What the exercise asks | Your answer must be exactly the lines from the one containing "Seat map for Korean Air Boeing 737 MAX8" through the end of the material, both ends included, without pictures.

··· Data block ···

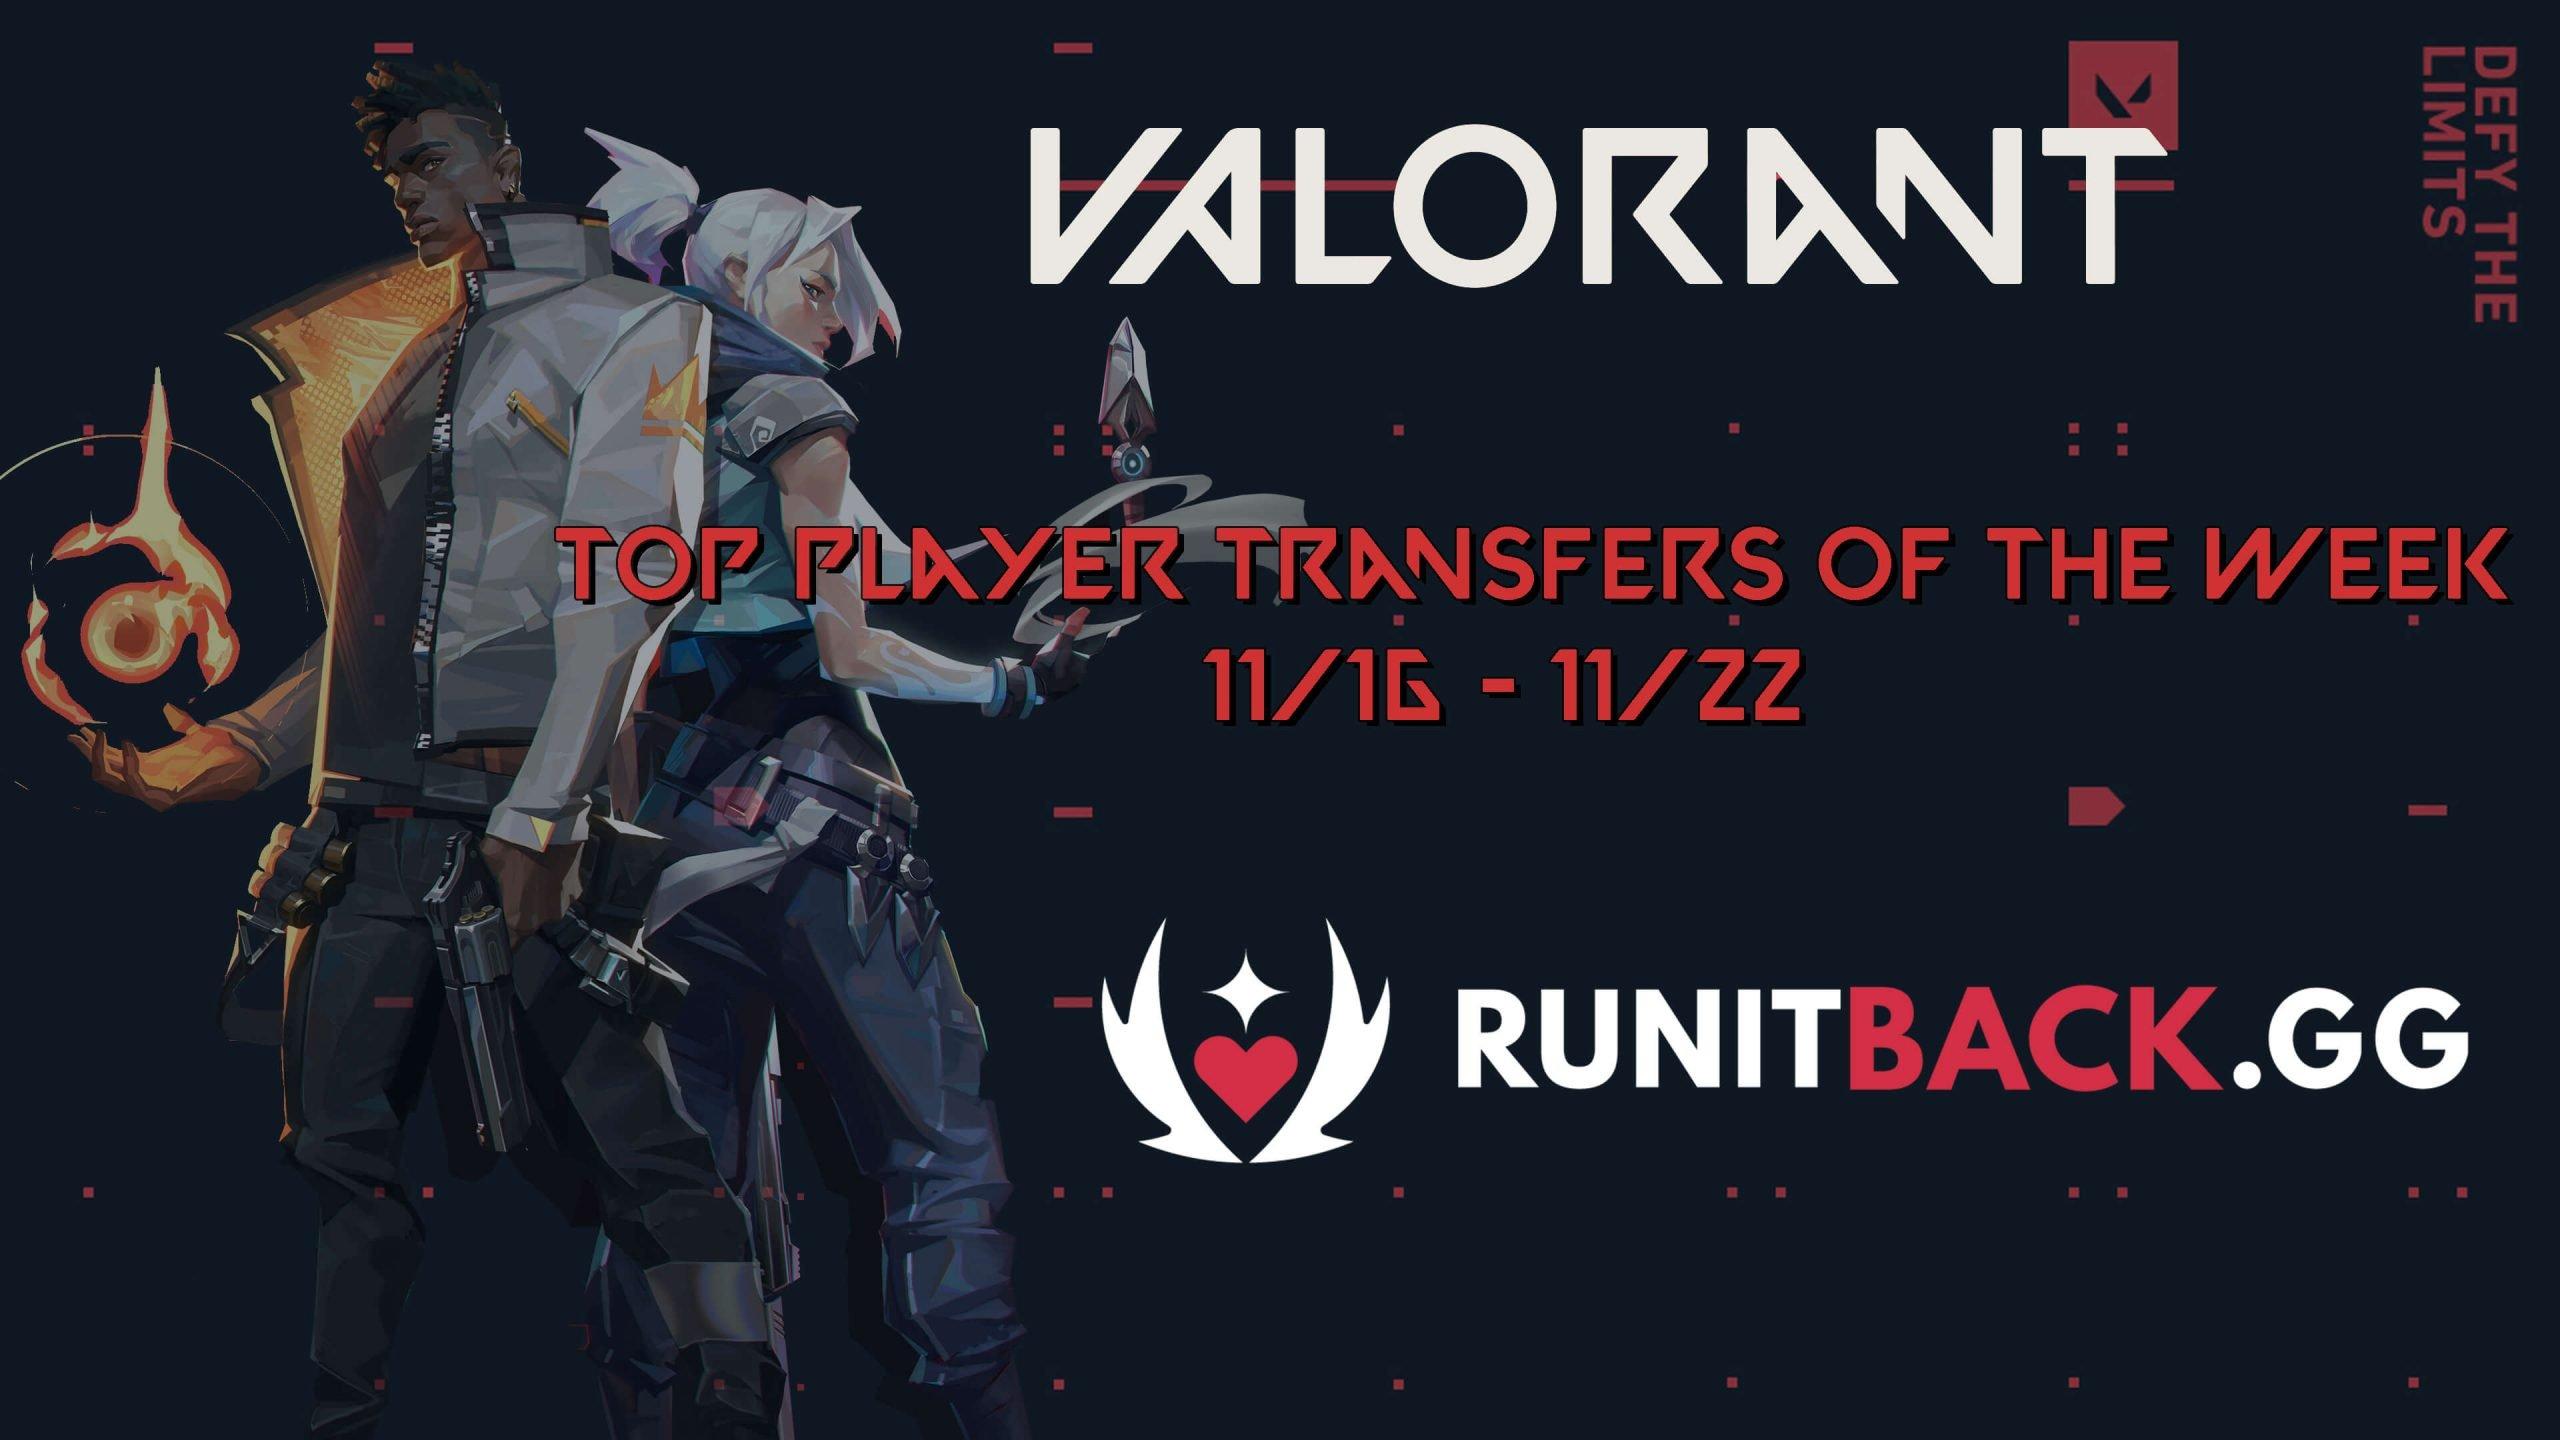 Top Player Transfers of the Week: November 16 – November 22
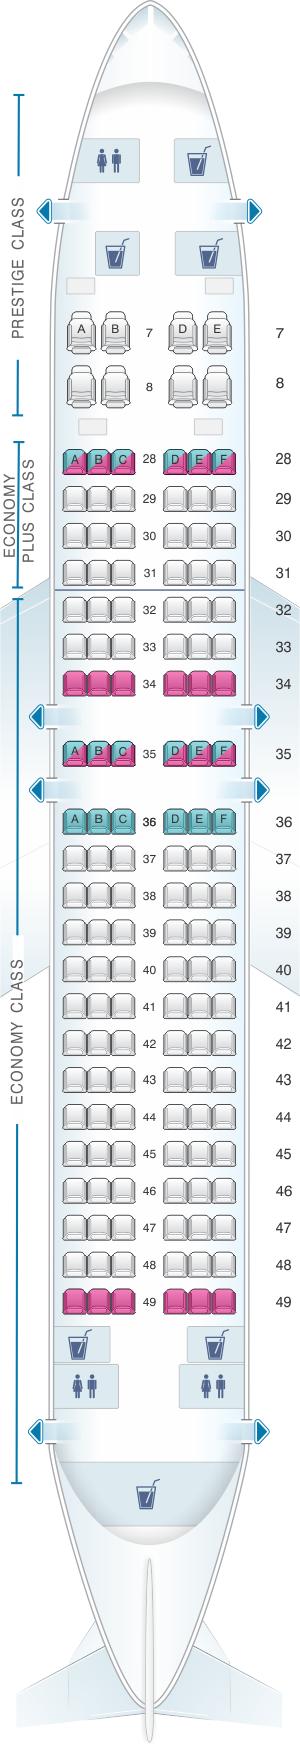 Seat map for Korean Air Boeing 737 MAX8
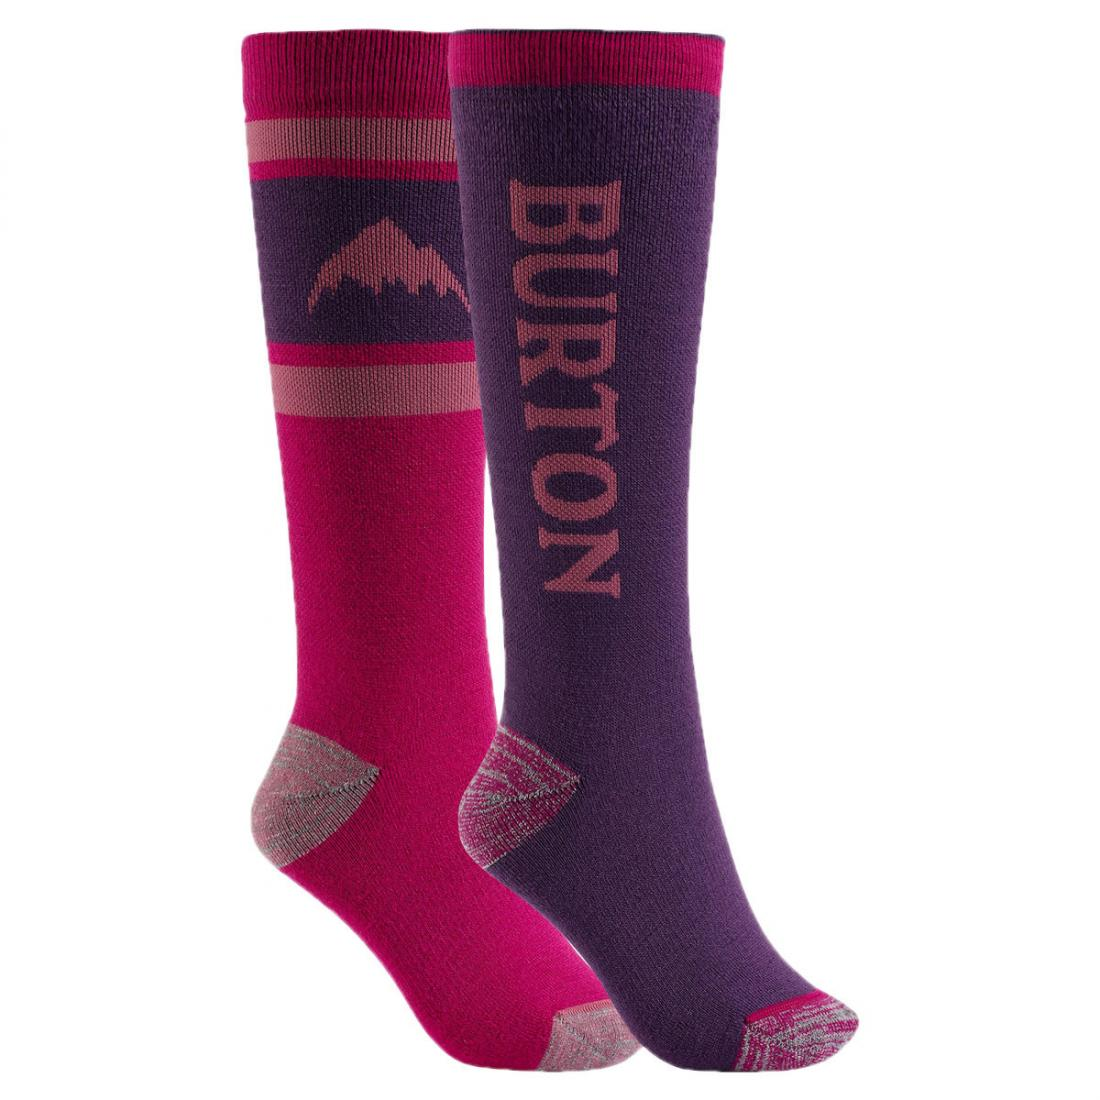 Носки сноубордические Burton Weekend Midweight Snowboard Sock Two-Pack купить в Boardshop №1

···

Task response |
 Seat map for Korean Air Boeing 737 MAX8
 Носки сноубордические Burton Weekend Midweight Snowboard Sock Two-Pack купить в Boardshop №1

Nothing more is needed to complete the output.